Claude Sonnet 4.6: Features, Benchmarks, Pricing and Guide
Anthropic released Claude Sonnet 4.6 on 17 February 2026, and within hours it became the default model on claude.ai. It represents a qualitative shift in the Sonnet line, offering frontier-level intelligence at a fraction of the cost.
The pitch is straightforward: performance that used to require paying the Opus premium is now available at the balanced Sonnet price point. For 90% of daily tasks, Sonnet 4.6 is now the optimal choice.

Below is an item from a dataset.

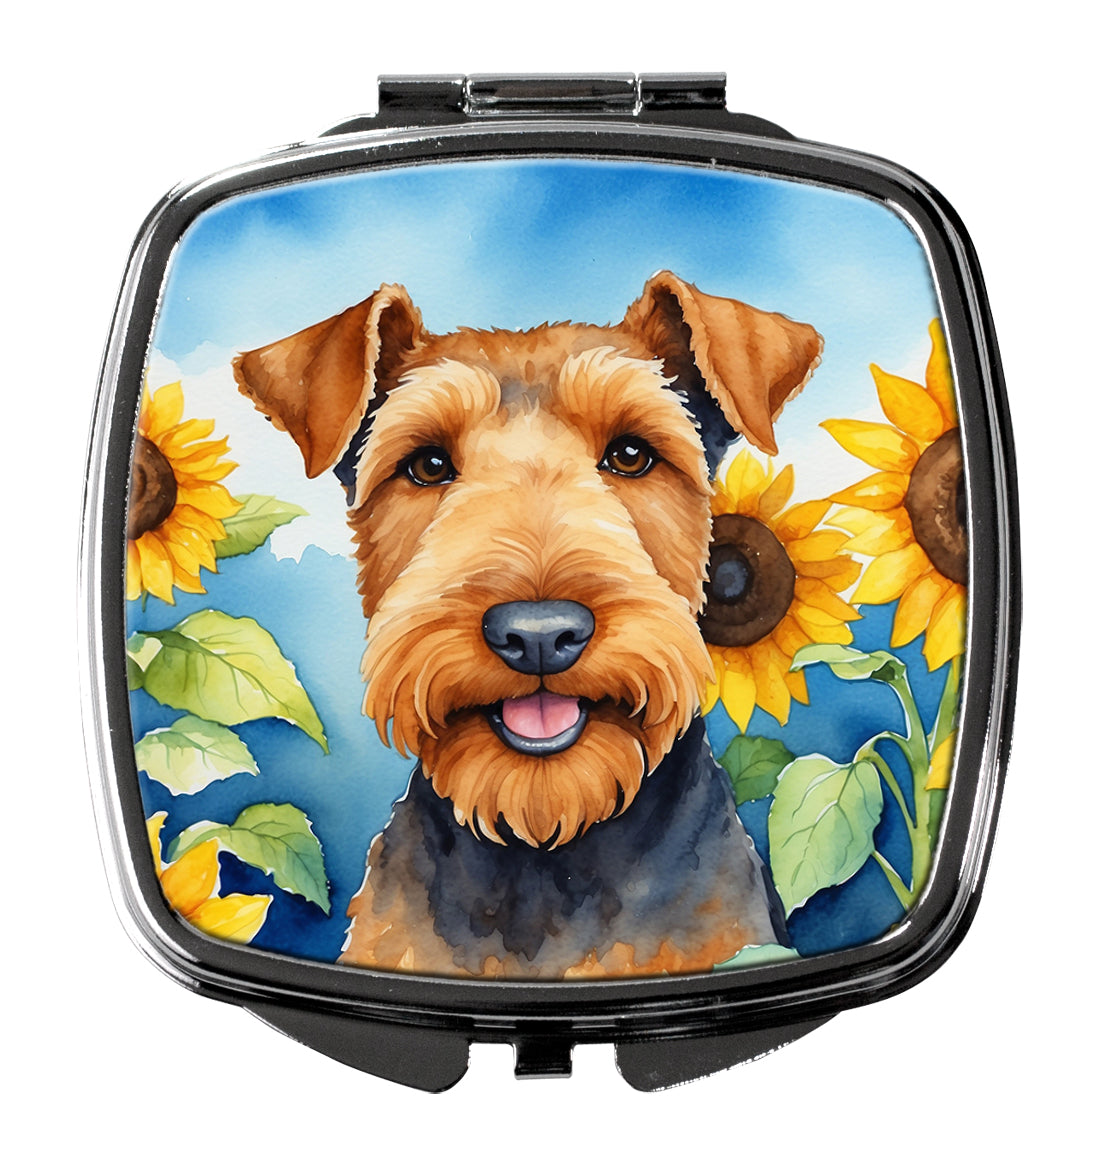 Buy this Airedale Terrier in Sunflowers Compact Mirror

The 1M Token Context Window Comes to Sonnet
Like Opus 4.6, Sonnet 4.6 gets the massive 1M token context window. This allows users to feed the model entire document libraries or multi-file codebases.
Memory retrieval performance
On MRCR v2 (8 needles at 1M), Sonnet 4.6 scores 65% Mean Match Ratio—a 3.5x improvement over Sonnet 4.5's 18.5%. It makes long-context reasoning truly viable at scale.
Computer Use: Best-in-Class Automation
Anthropic's latest OSWorld benchmarks position Sonnet 4.6 as their strongest model for computer use. It excels at navigating complex spreadsheets, filling multi-step web forms, and cross-tab browser workflows.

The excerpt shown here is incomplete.